Through the course of history, there has been an enormous effort from the scientific community to investigate the mechanisms that lead to the transformation of a normal cell into cancer. Therefore, different theories have emerged ranging from cancer seen as a malediction to the comprehension at the level of single-cell heterogeneity, suggesting that there exists countless molecular challenges to overcome even between a single sub-type of cancer. Because of the development of different fields such as cancer genetics and biology, this disease is becoming an enormous challenge to elucidate. It is important to understand that usually tumor cells do not create new mechanisms; instead, they start controlling molecular and cellular pathways that already exist to escape protective systems which are in place to avoid the formation of a tumor [1].

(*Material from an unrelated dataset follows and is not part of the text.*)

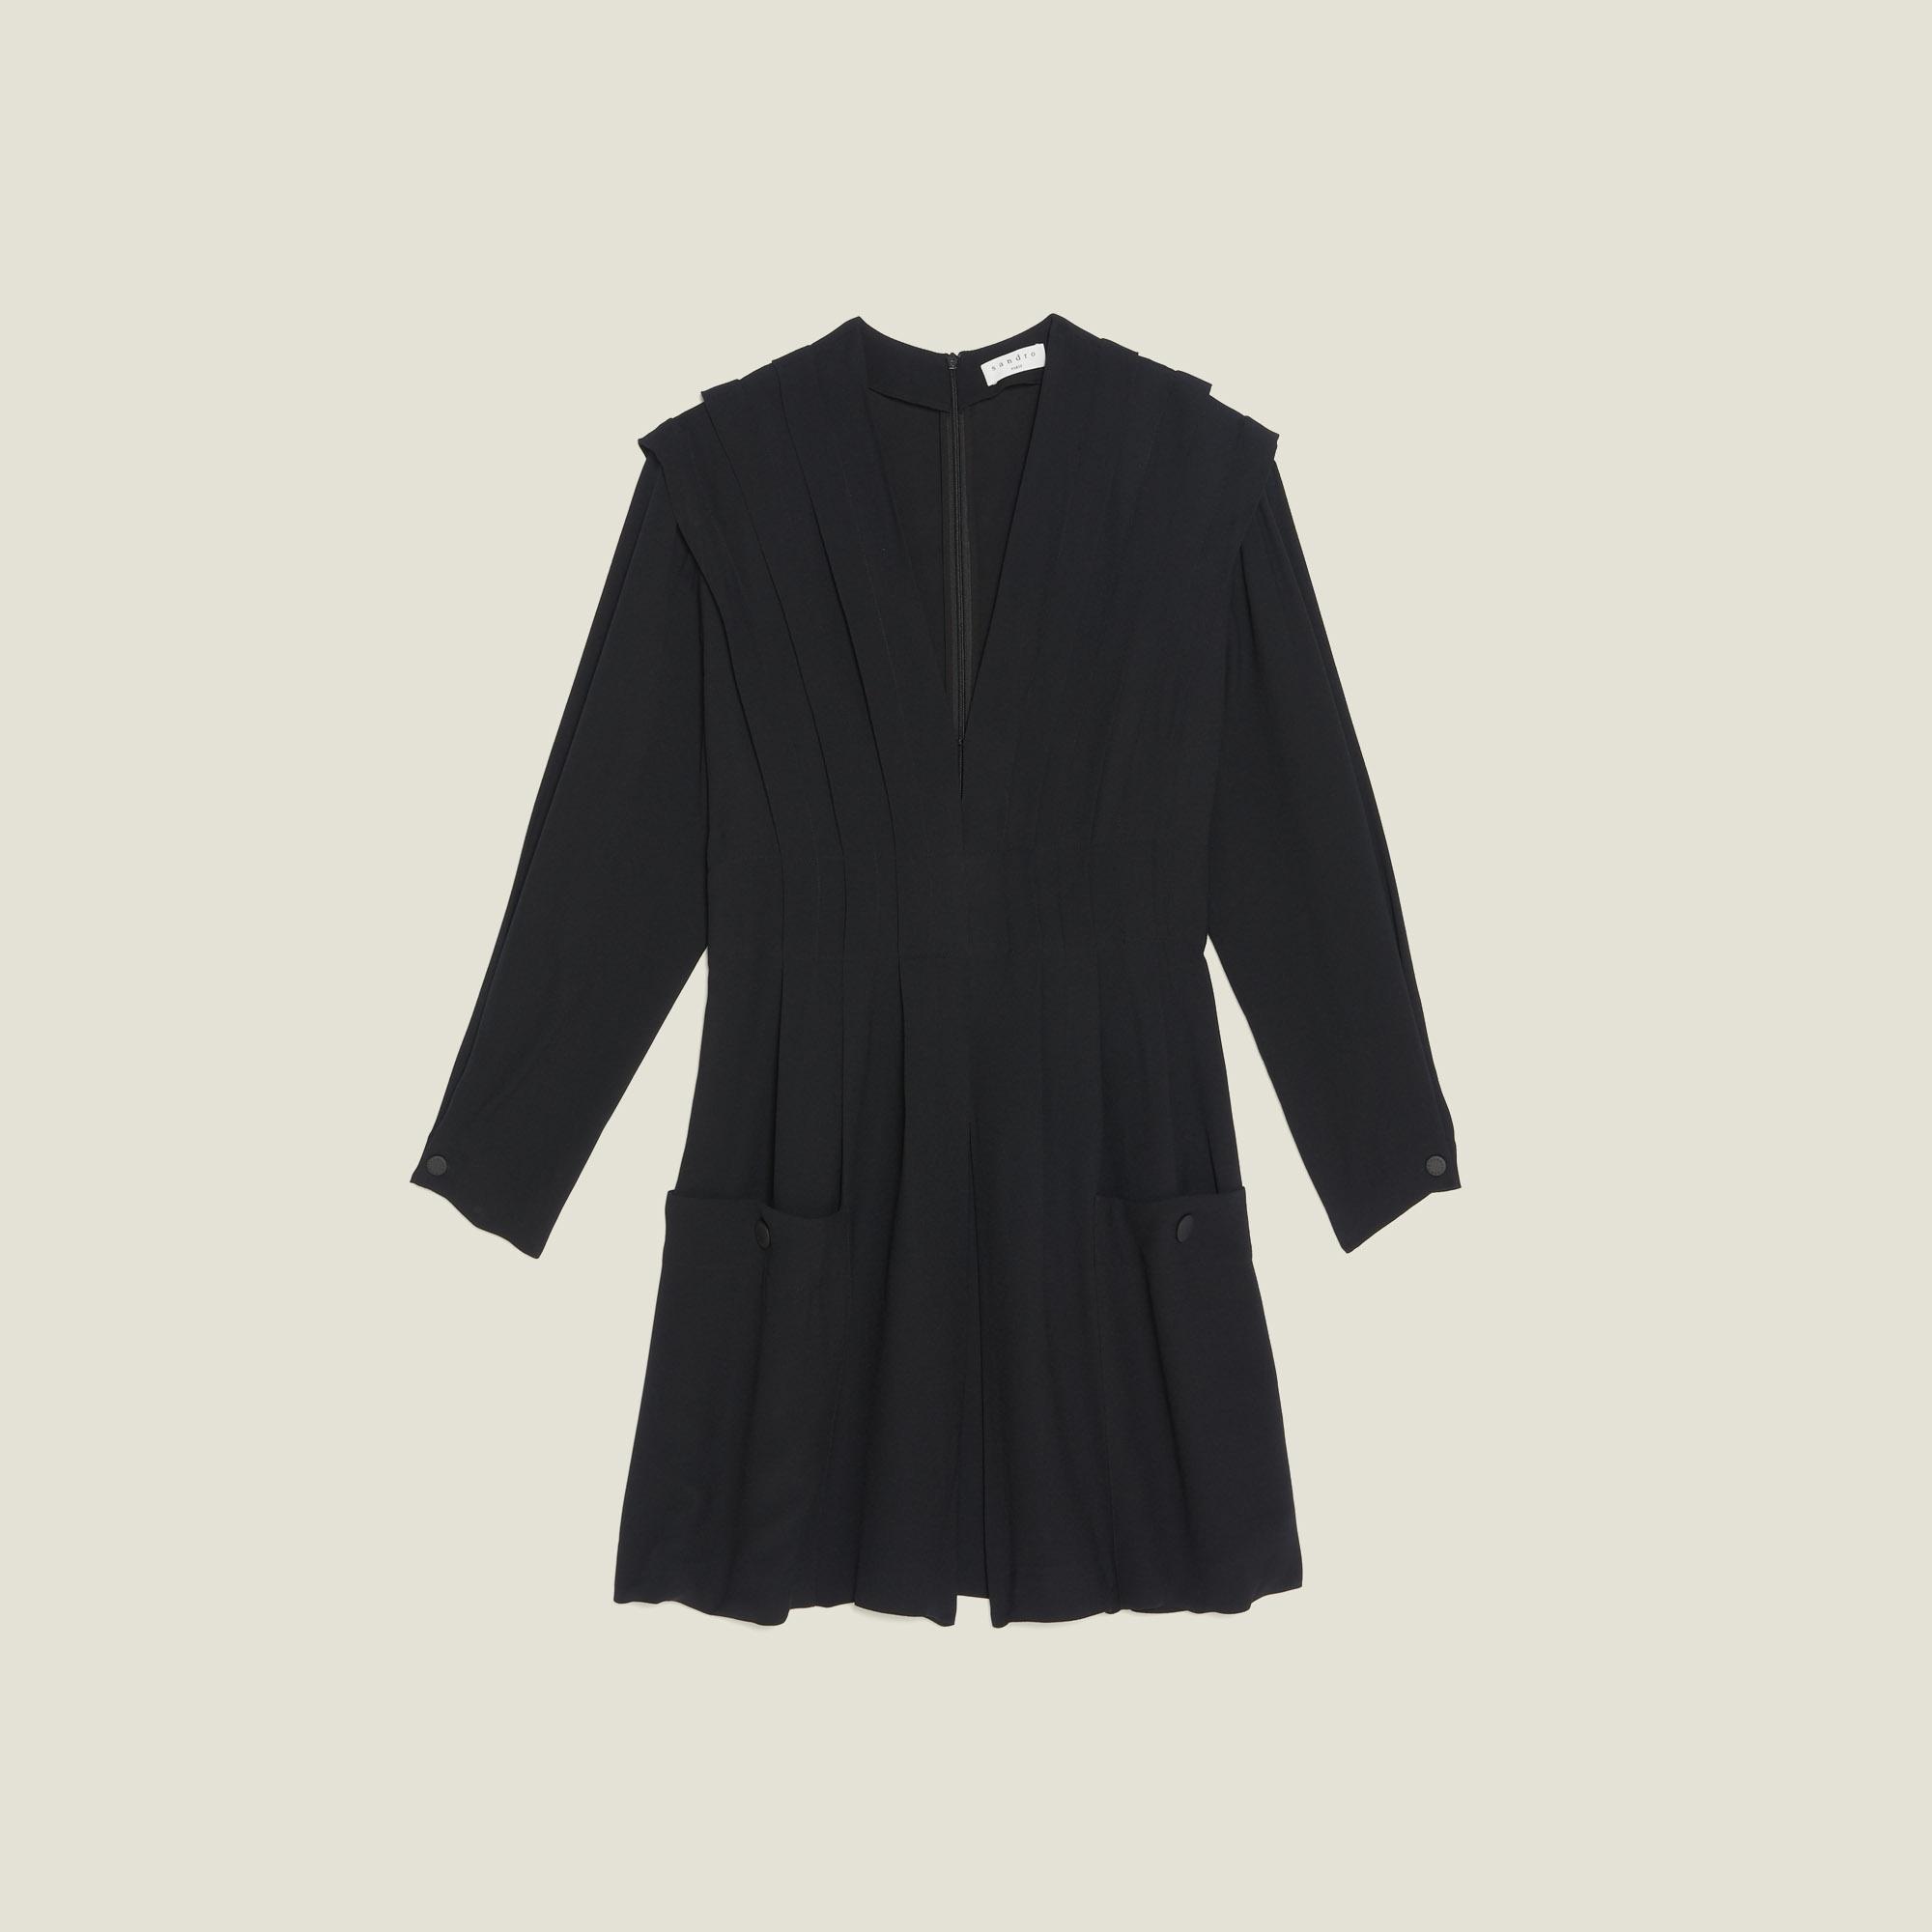 cfbd36ecb32d ... Short Flowing Dress With Pleats : Dresses color Black

The technological progress of the “omics” such as genomics, proteomics, epigenomics, pharmacogenomics, and metabolomics enabled the improvement of the diagnosis, prognosis, and treatment of cancer. Due to this development, today, precision medicine is a clinical reality [2]. In recent decades, the fast development of new therapeutic strategies has significantly helped to reduce mortality in patients with cancer [3]. However, drug resistance is one of the most challenging topics to investigate in cancer research because it still represents a huge obstacle to treat this disease. So, decoding the mechanisms of drug resistance is essential to fully comprehend the multifactorial pathways involved in cancer, and this may provide information to develop specific targeted treatments [4].

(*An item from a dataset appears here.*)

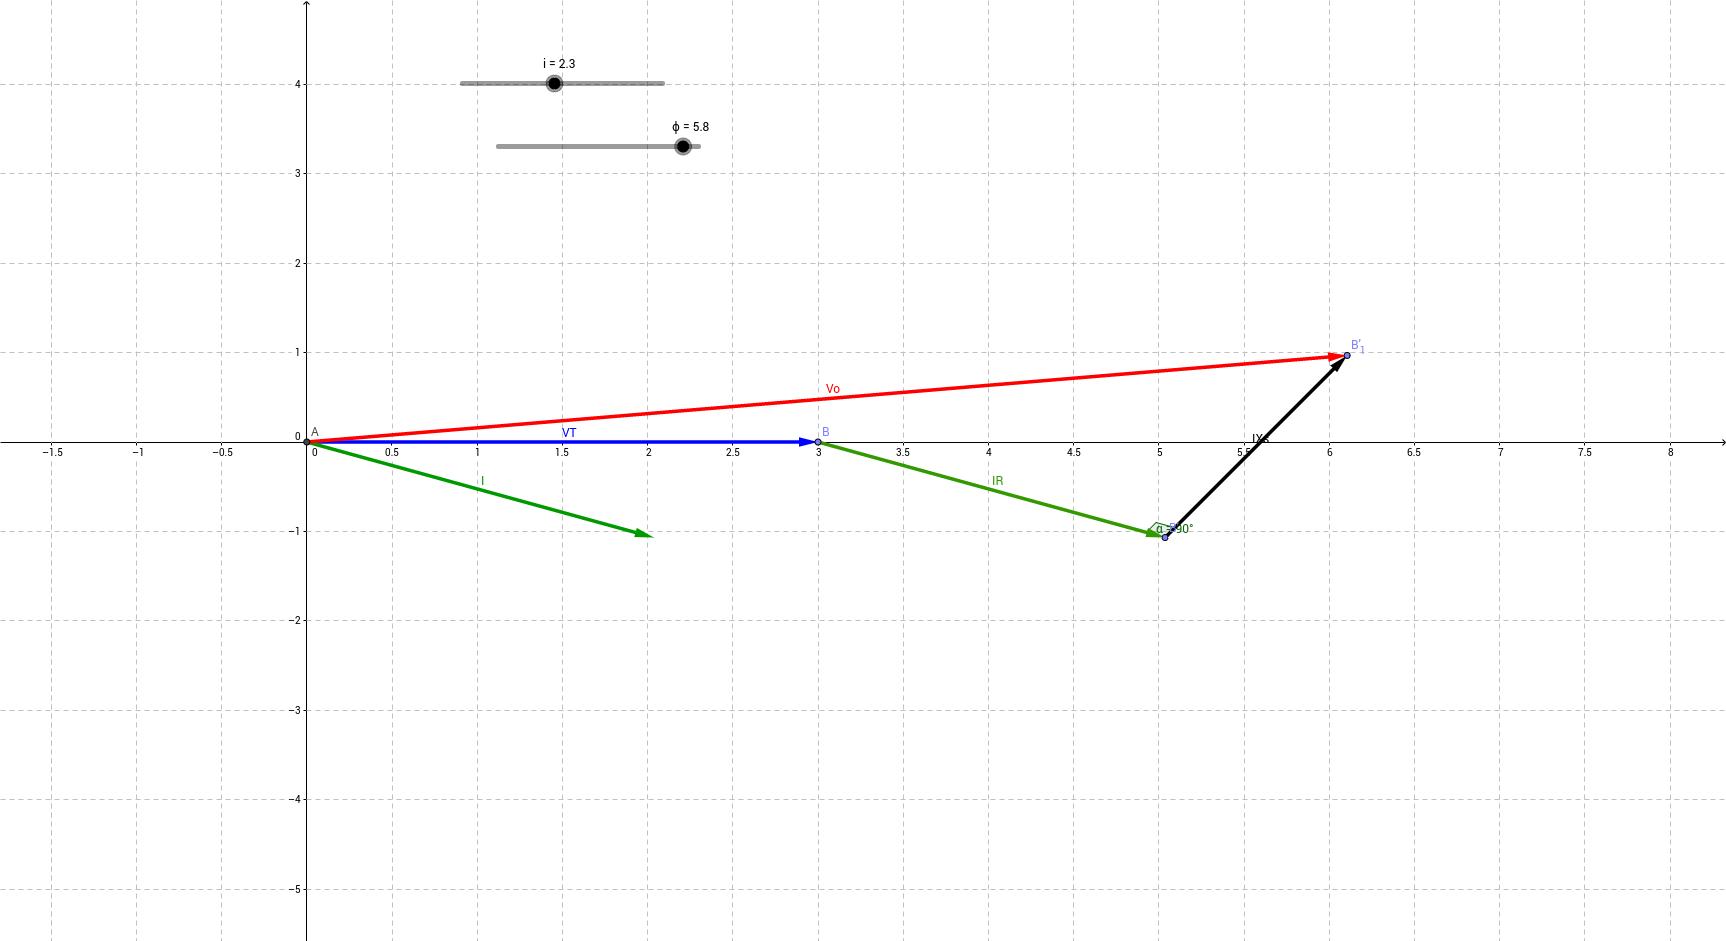 Synchronous Machine Phasor Diagram

Theodor Boveri observed that tumor cells had abnormal chromatin structures and by that observation he gave the first insights for the role of epigenetics in cancer [5]. The first author to coin the term ‘epigenetics’ was Conrad Waddington and he defined it by being the ‘the branch of biology which studies the causal interactions between genes and their products which bring the phenotype into being’ [6]. Vogelstein and Feinberg tried to determine the mechanisms behind the higher frequency of mutations existing in tumor cells—in comparison to normal tissue, the tumor tissue had lost DNA methylation to a considerable degree, suggesting that hypomethylation of CpG islands may result in oncogene activation in cancer [7]. So, this work enabled understanding how frequent hypomethylation is in tumor genomes [1]. Holliday enhanced the concept of epigenetics as heritable modifications that occur in gene expression without changing the DNA sequence; in other words, modifying the phenotype without changing the genotype [8].

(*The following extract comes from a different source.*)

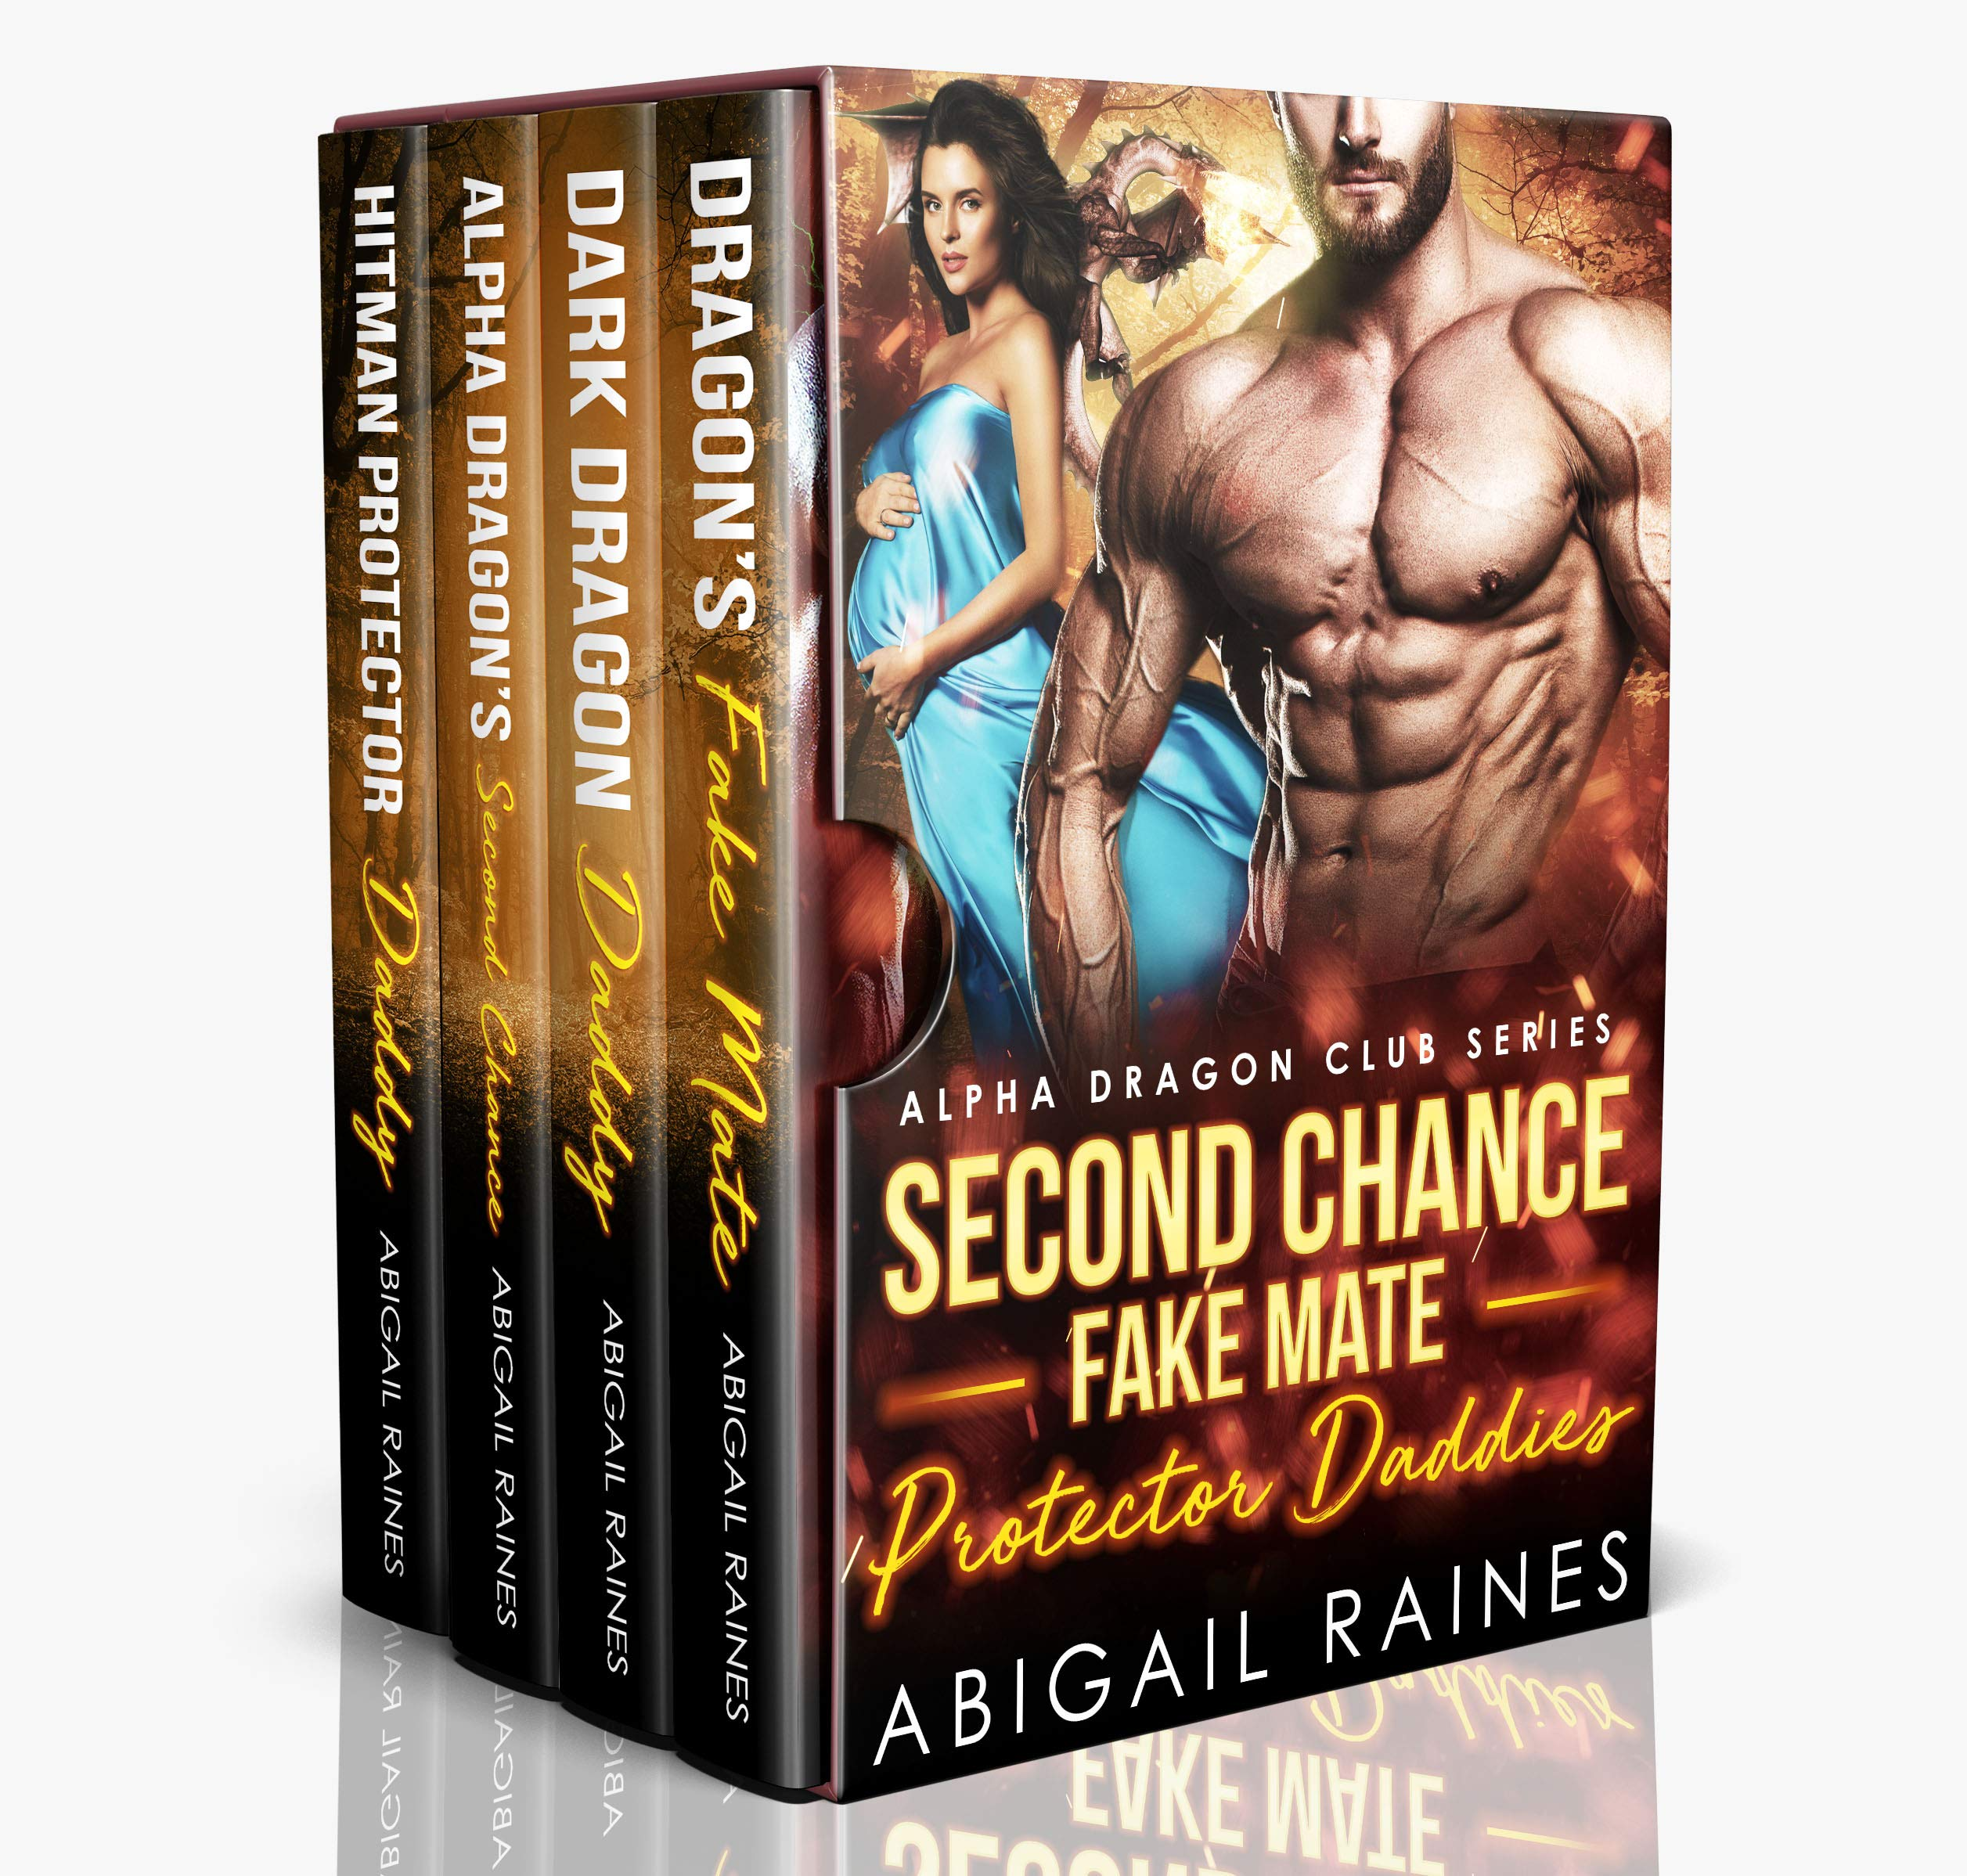 Second Chance Fake Mate Protector Daddies (Alpha Dragon Club) (English Edition)

It is becoming clear that epigenetics plays a key role in carcinogenesis by altering the gene expression and there are various situations in which this occurs, for example, the hypermethylation of tumor-suppressor genes in retinoblastoma [9], as well as epigenetic silencing of microRNAs [10]. It is also known that the epigenetic mechanisms ensure the maintenance of genomic integrity and faithful genome replication in the cell cycle. Transposable elements (TE) are extremely repetitive sequences of DNA that are present in the human genome, they possess their own regulatory sequence, and this allows autonomous expression and capacity to modify the expression of neighboring genes. Because TE activity has a high susceptibility to disturbing genomic integrity, these are commonly silenced genes by epigenetic mechanisms; however, this regulation is lost in cancer [11]. Recently, epigenetic dysregulation was proposed to be a pivotal hallmark of cancer because it is a unique feature that is found within cancer cells (there are epigenetic fingerprints on tumor cells), so it is an active and functional ability that these cells have that confer their chronic nature. This completely changes the view of epigenetic dysregulation seen as a simple by-stander and finally recognizes its active role in tumorigenesis [1].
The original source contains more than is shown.